A federal agency, fearing that its computer systems were widely affected by a computer virus in 2011, spent $2.7 million cutting off its email from the outside world and physically destroying computers, keyboards and computer mice to remedy the problem.
Spurred to action by inaccurate information about a malware issue from the Commerce Department’s Computer Incident Response Team (DOC CIRT), the Economic Development Administration (EDA), a grantmaking agency within the Commerce Department, worried that it was under attack from a nation state.
Although DOC CIRT corrected its mistake after its initial report, that did not stop the EDA from destroying $170,500 in IT equipment when an outside cybersecurity contractor was unable to guarantee EDA’s systems were safe from malware.
The destruction only stopped after EDA ran out of money and the Commerce Department’s Office of the Chief Information Officer denied the agency’s request for more funds for its recovery efforts.
The inspector general determined that the DOC CIRT agent handling the EDA case did not have the proper training necessary to diagnose the problem, which was neither widespread nor persistent, nor did it originate from a nation state.
“We found (1) EDA based its critical incident response decisions on inaccurate information, (2) deficiencies in the Department’s incident response program impeded EDA’s incident response, and (3) misdirected planning efforts hindered EDA’s IT system recovery,” wrote Allen Crawley, assistant inspector general for systems acquisition and IT security.
The EDA saga, which began in December 2011, did not end until March, when the Commerce Department’s Office of the Chief Information Officer restored EDA’s IT operations.
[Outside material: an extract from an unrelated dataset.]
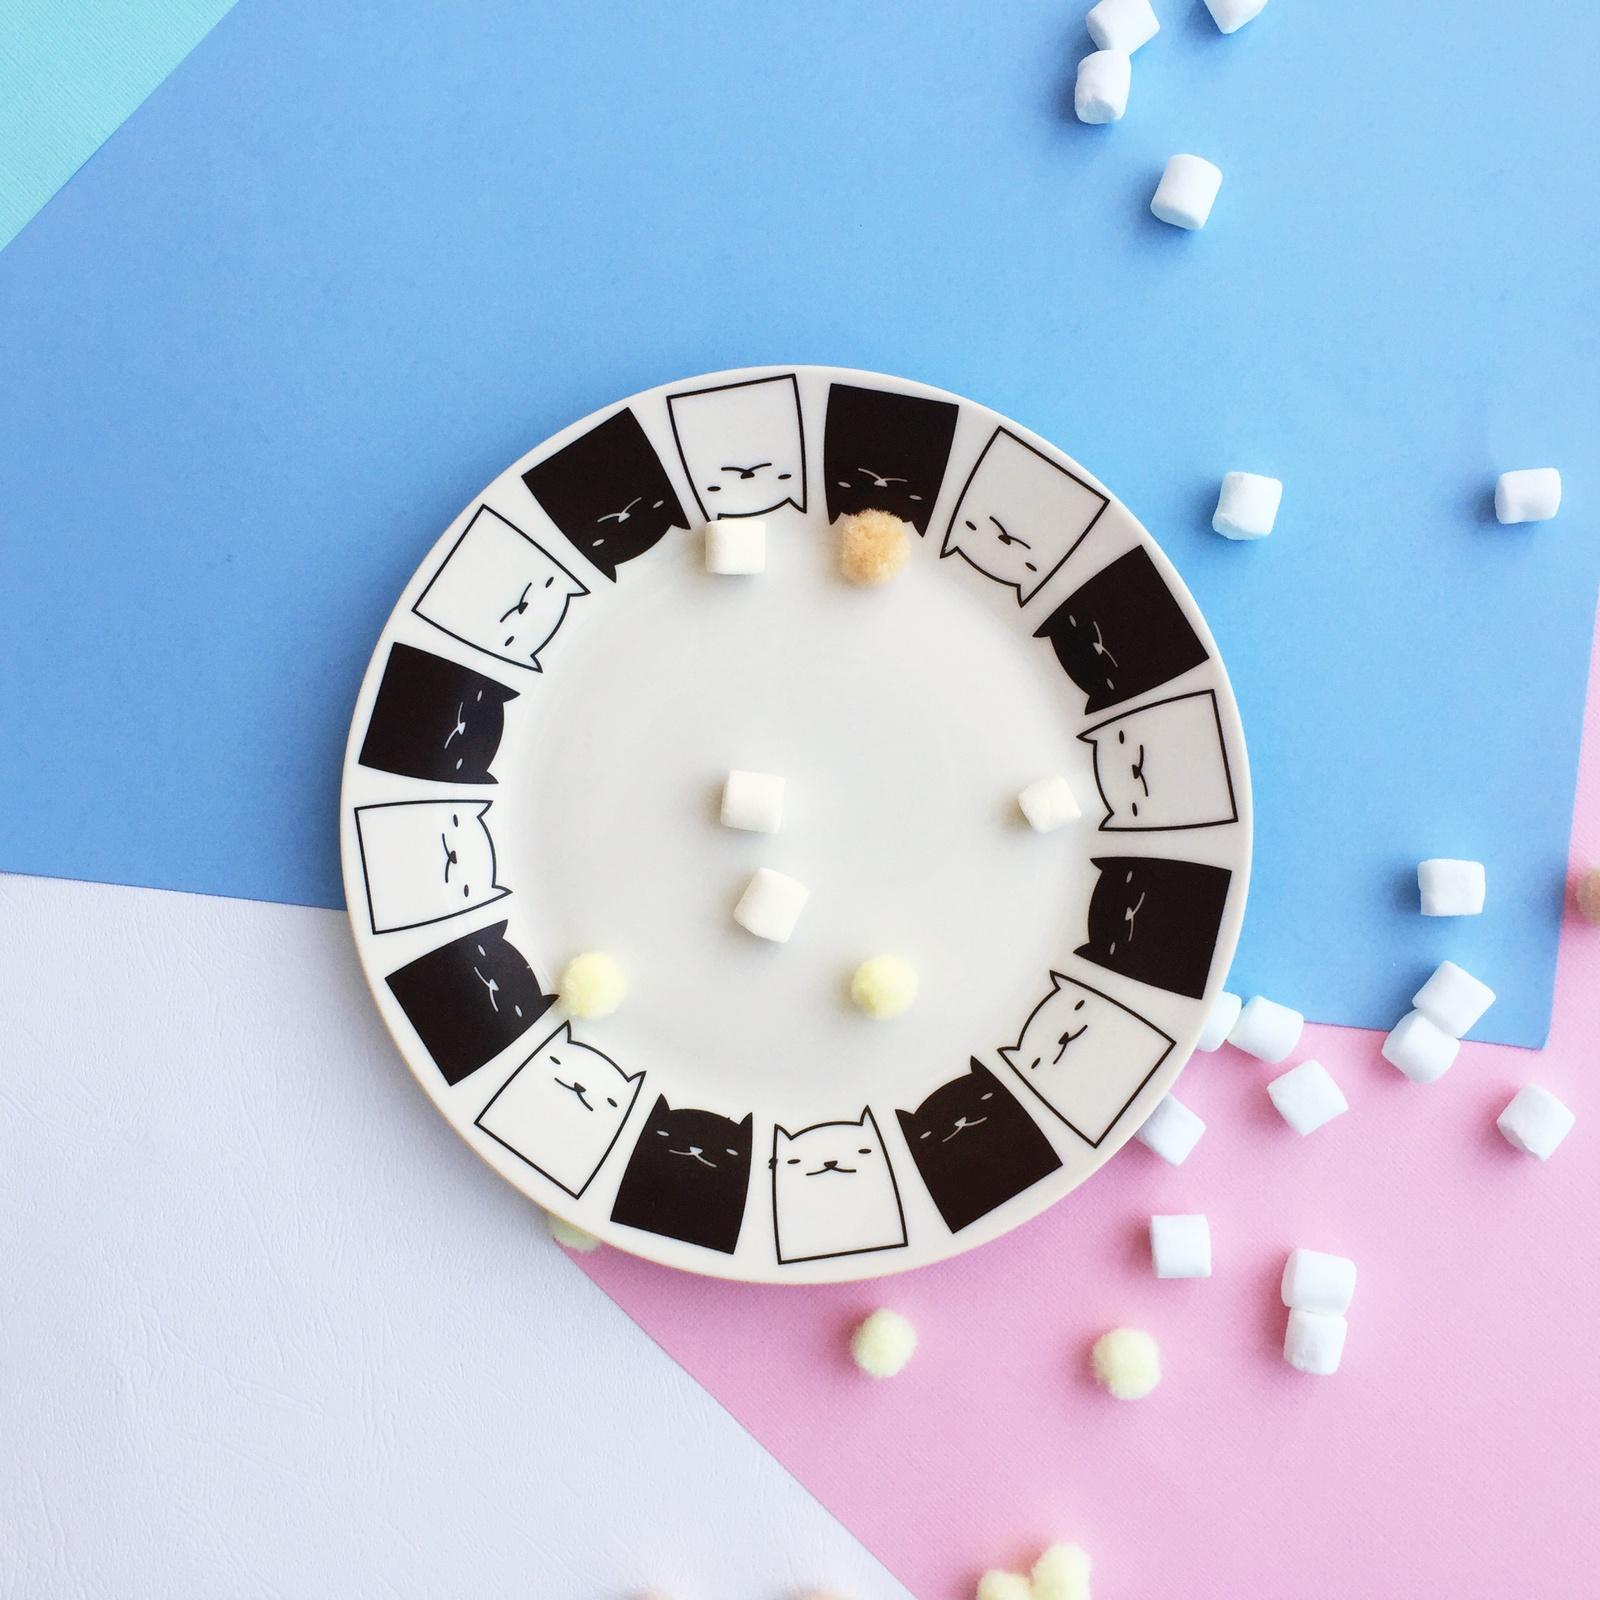 Тарелка Сотвори Чудо Котята 20 см, белый тарелка мелкая сотвори чудо бантик sans brides диаметр 20 см

The entire operation cost $2.7 million: $823,000 to the unnamed cybersecurity contractor, $1,061,000 in borrowed IT equipment from the Census Bureau, “$4,300 to destroy $170,500 in IT equipment, and $688,000 paid to contractors to assist in development a long-term response,” reports Ars Technica.
But just in case the EDA was not yet finished destroying its computers, the inspector general recommended to the EDA’s deputy assistant secretary that the agency “does not destroy additional IT inventory that was taken out of service as a result of this cyber incident.”